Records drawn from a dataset
⁂

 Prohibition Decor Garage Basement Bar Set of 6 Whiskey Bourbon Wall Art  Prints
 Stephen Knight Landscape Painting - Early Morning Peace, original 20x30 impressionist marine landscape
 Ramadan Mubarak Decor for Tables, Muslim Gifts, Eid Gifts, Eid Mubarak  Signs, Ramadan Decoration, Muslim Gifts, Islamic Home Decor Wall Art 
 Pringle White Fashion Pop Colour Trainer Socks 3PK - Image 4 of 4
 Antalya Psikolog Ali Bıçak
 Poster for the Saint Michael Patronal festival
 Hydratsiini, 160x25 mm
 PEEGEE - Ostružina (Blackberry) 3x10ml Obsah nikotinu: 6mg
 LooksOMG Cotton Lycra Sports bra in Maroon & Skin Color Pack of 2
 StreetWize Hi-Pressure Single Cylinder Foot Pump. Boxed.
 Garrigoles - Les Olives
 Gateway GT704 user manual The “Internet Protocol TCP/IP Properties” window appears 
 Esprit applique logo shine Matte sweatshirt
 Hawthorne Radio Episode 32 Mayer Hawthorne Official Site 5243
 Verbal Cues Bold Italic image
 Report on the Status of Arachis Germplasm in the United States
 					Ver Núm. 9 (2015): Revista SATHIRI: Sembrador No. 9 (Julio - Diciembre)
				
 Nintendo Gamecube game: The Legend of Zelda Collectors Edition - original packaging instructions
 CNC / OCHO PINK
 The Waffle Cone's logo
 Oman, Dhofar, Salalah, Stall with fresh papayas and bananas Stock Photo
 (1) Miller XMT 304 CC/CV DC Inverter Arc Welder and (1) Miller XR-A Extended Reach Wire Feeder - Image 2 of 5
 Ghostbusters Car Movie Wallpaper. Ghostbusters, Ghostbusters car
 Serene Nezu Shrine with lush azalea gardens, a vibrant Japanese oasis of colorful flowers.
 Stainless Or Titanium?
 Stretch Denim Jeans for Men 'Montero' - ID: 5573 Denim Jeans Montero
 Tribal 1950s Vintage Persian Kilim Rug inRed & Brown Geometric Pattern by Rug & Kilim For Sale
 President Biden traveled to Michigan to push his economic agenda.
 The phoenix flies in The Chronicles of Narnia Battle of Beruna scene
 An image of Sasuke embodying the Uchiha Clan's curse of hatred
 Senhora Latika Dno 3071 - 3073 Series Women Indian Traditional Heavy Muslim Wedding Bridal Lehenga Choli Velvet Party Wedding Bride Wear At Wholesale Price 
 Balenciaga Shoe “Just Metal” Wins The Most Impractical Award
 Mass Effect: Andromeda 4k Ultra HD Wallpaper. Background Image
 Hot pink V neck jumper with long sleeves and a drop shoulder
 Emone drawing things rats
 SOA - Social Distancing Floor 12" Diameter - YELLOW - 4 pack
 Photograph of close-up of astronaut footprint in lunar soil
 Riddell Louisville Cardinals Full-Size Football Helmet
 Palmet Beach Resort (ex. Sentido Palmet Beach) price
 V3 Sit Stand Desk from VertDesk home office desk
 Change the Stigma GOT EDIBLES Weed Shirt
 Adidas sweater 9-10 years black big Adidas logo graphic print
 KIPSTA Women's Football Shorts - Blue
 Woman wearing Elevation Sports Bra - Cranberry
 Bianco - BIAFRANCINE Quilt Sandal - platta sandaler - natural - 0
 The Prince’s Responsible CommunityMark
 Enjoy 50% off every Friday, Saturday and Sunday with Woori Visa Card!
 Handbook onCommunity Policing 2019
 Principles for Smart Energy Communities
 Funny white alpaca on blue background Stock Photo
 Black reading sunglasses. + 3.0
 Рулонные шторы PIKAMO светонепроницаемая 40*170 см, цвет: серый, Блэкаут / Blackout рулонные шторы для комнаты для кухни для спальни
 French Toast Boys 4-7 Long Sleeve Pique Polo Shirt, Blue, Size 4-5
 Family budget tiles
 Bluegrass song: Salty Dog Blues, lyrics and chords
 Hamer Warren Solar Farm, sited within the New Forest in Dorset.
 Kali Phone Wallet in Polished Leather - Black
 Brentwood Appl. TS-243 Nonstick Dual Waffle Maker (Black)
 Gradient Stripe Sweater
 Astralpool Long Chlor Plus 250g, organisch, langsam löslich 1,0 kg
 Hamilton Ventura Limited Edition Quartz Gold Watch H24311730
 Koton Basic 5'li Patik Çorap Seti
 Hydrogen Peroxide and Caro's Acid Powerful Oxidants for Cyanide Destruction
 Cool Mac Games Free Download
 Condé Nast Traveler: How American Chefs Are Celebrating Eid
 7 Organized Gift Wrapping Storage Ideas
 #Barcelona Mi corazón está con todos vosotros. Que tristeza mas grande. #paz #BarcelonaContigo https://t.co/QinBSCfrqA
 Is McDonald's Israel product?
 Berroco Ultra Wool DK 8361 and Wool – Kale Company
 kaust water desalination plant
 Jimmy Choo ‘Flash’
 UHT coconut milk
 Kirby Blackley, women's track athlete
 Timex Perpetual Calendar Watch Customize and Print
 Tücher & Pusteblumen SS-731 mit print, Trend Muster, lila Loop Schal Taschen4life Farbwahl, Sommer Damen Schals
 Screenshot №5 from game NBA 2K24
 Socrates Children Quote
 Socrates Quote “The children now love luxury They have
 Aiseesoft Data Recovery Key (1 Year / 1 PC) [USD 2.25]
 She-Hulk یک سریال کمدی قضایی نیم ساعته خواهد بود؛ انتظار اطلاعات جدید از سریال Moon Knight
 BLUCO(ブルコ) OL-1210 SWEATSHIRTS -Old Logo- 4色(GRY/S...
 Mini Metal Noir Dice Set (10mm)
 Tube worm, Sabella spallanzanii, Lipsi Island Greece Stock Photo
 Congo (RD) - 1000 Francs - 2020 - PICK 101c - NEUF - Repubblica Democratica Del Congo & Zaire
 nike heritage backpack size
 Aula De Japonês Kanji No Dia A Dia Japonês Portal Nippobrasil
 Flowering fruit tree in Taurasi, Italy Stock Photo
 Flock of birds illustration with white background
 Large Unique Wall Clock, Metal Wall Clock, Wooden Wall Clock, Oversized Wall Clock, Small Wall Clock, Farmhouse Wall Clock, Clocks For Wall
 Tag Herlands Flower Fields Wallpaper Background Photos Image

⁂

■ **Activity**:
What should come out is the exact run of lines from the one holding "Mini Metal Noir Dice Set (10mm)" through the end of the records above, and nothing besides.

■ **Answer section**:
 Mini Metal Noir Dice Set (10mm)
 Tube worm, Sabella spallanzanii, Lipsi Island Greece Stock Photo
 Congo (RD) - 1000 Francs - 2020 - PICK 101c - NEUF - Repubblica Democratica Del Congo & Zaire
 nike heritage backpack size
 Aula De Japonês Kanji No Dia A Dia Japonês Portal Nippobrasil
 Flowering fruit tree in Taurasi, Italy Stock Photo
 Flock of birds illustration with white background
 Large Unique Wall Clock, Metal Wall Clock, Wooden Wall Clock, Oversized Wall Clock, Small Wall Clock, Farmhouse Wall Clock, Clocks For Wall
 Tag Herlands Flower Fields Wallpaper Background Photos Image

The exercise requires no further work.